My falconer friends, upon reading this news, have strange, faraway looks in their eyes.

January 10, 2006

Some Colorado conservation projects

New West Network rounds up some Colorado conservation projects. I need to learn more about the Fort Carson buffer-zone bill. It sounds like an excellent idea.

Wildlife-dollars versus wildlife-spirituality

Unbossed has started a series on the economic value of wildlife.

It's not an issue some people like to think about, because they would prefer that wildlife and wild places be considered outside of the marketplace. I can sympathize, but when you're up in front of something like that Roadless Areas task force, you have to be thinking this way:

That is the kind of connection that I seek. The dominate culture in this nation came from other places. It has no spiritual connection to this land. Its not going away, so we need to create a spiritual connection to the land. This is what I call Becoming Indigenous. Lets fact it, most people in this country are not going to run out and start kissing trees. Nor should they, other than the Ponderosa Pine, bark tastes bad. But to achieve indigenousness, we must first demonstrate clear economic need for conservation. Our economic future, particularly in the West, is dependant on conservation of wildlife and wildlands.

One good thing about the NRA

Even though the National Rifle Association deserves criticism for its blind spots, there is one reason that I joined back when I was a penniless guy in bell-bottom jeans, with only a Winchester Model 12 shotgun to my name.

The NRA makes global technocrats nervous. And, really, that's all the reason that you need. (Via Publicola.)

January 09, 2006

He's sick of nature writing

Since I teach nature writing and at intervals attempt to practice it, I'm qualified to say that I know where this guy is coming from.

As with so many endeavors, nature writing has become specialized and polarized. On the one hand there is the generally healthy movement from the anthropocentric to the biocentric, from human-focused to world-focused, a movement that Thoreau anticipated late in his life with his more scientific writing. This movement has led to some fine objective writing, but it has also led to many dull pages, exhaustive and occasionally exhausting works. The problem is that most readers are human beings and therefore naturally interested in the human. The driving youthful question that enlivened "Walden" -- "How to live?" -- has been all but forgotten.

Or usurped by the opposite camp. At the other pole are writers with a too easy access to the "spiritual," writers who replace hard-won thought with idealized references to Native Americans and who repeat the word "wonder" over and over. Theirs is a cloying and simplistic philosophy of "nature is good," and they see symbols in every acorn. Nature becomes a kind of bland church, and these writers seem intent on smearing themselves with what Mark Twain called "soul butter." Long gone are the fried rats.


He turned the rant into a book, and I suppose I should read the whole thing!

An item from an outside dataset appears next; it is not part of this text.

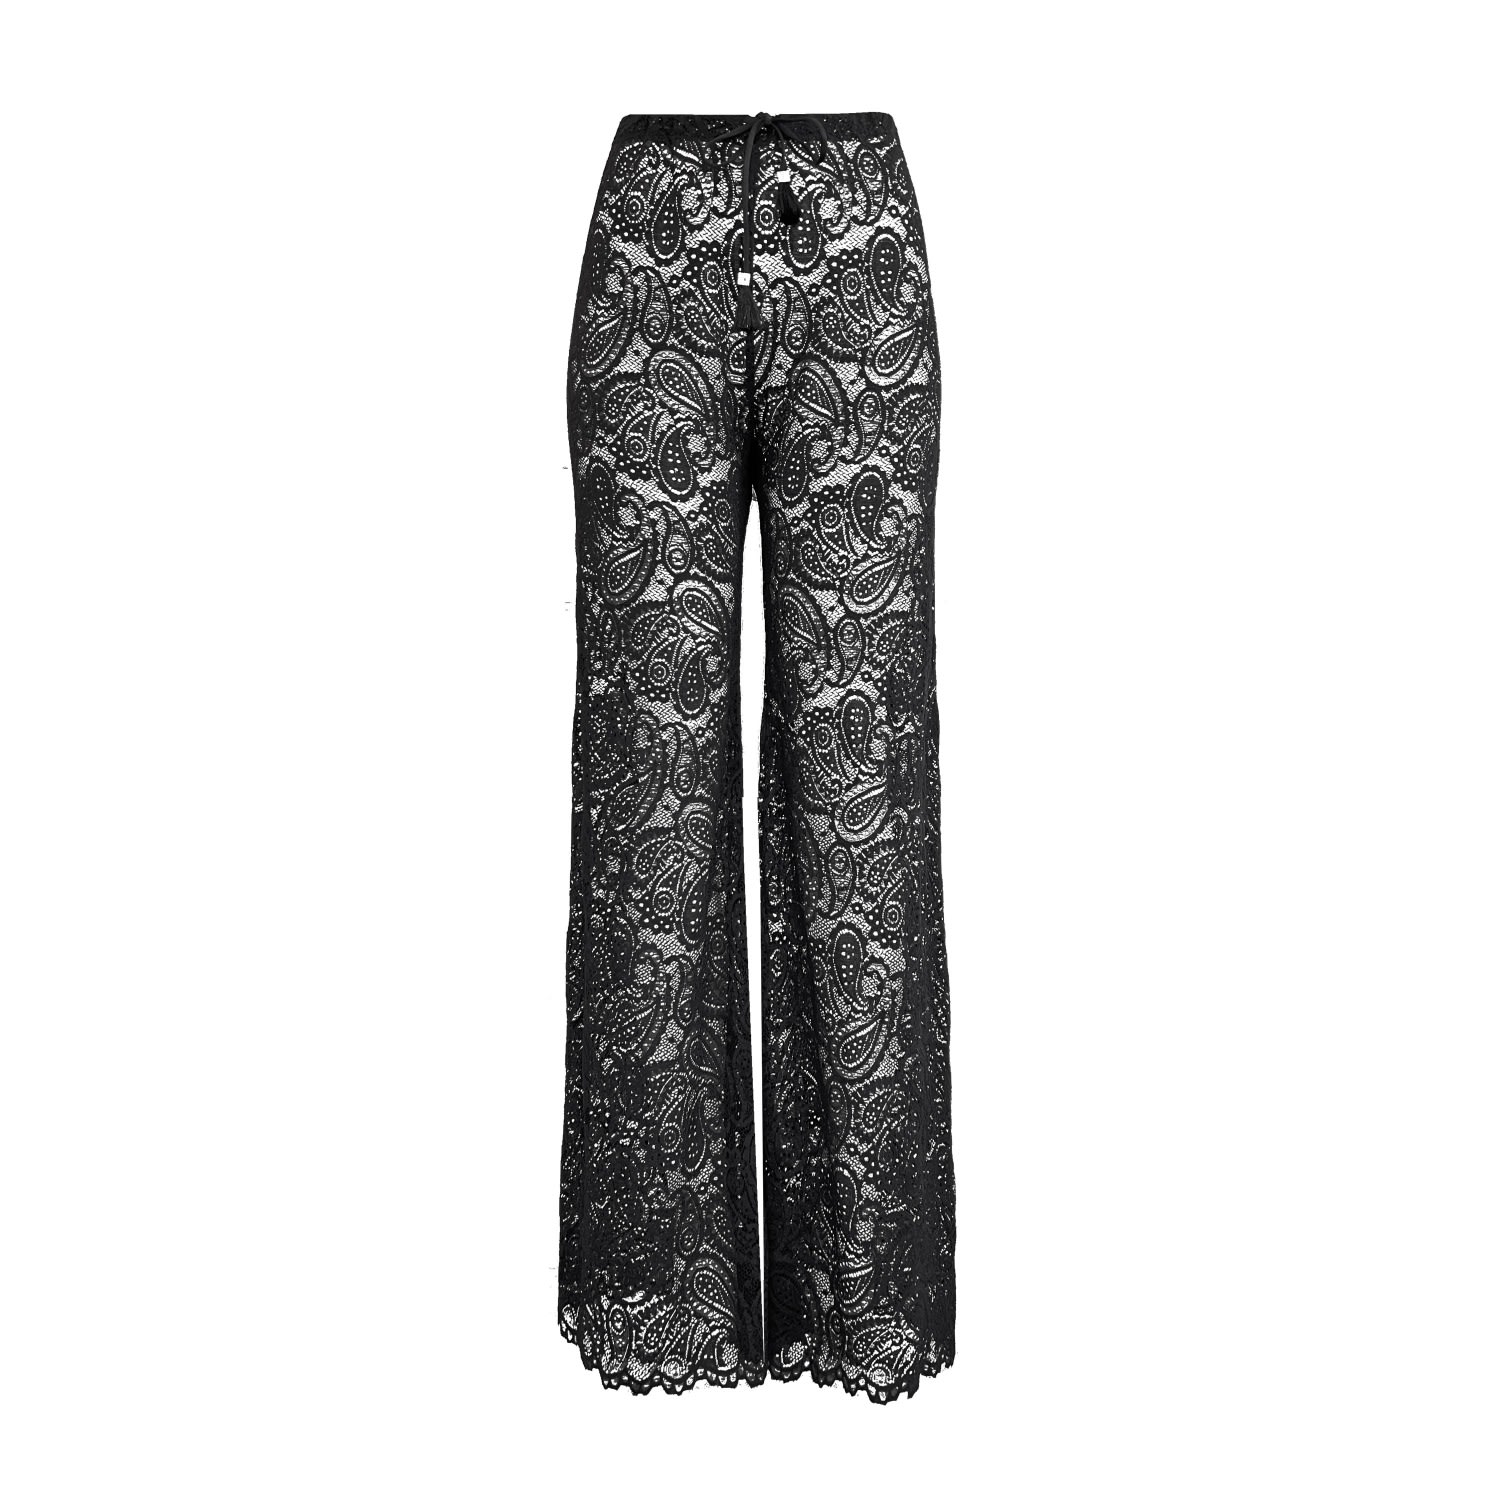 Women's Black Lace Wide Leg Trousers Pants With A Paisley Motif Small ELIN RITTER IBIZA

If I could, I would change the name of my course to "Nature-and-Culture-Writing in the West." But just changing a university course name means going through three levels of committees, and one of them would probably pronounce the name too lengthy for the catalog.

If I can just get students to consider that nature is not "out there" but also "in here," I would be a happy man.

Mauricio Fire Update

Today's Pueblo Chieftain headlined the Mauricio Canyon fire. The good news is that a little cold front blew through last night, dropping an inch and a half of snow at my house, and from the radar picture it looked as though that same band of snow was heading south into Huerfano County.

KKTV (Colorado Springs) has updated its coverage. So has the Colorado Springs Gazette.

We need more snow. A foot would be good.

January 08, 2006

Testimony

Last Friday night M. and I went to Pueblo for the (deep breath) Roadless Area Review Task Force Public Hearing, one of several being held around Colorado.

To summarize drastically, this was the latest step of a tedious process going back to the Nixon Administration. Such processes are why the Forest Service has more people staring at computer screens rather than doing things out on the national forests. Now, according to the pro-roadless area activists:

In May, 2005, the Bush administration repealed the national policy — known as the “Roadless Rule” — that protected roadless areas in our National Forests, and replaced it with a process that requires governors to petition the Department of Agriculture in order to seek continued protections for these areas. In response, the Colorado legislature created the Roadless Areas Review Task force to advise the governor in that process. The task force is now holding hearings around the state to discuss these areas and identify any compelling reasons to shift the boundaries and the types of protections offered in the Roadless Rule. Even as the task force review process proceeds, roadless areas are increasingly subject to road-building and other disturbance from oil and gas development, mining, and logging, as industrial and commercial interests are already making plans to degrade these critical areas by opening them up to development.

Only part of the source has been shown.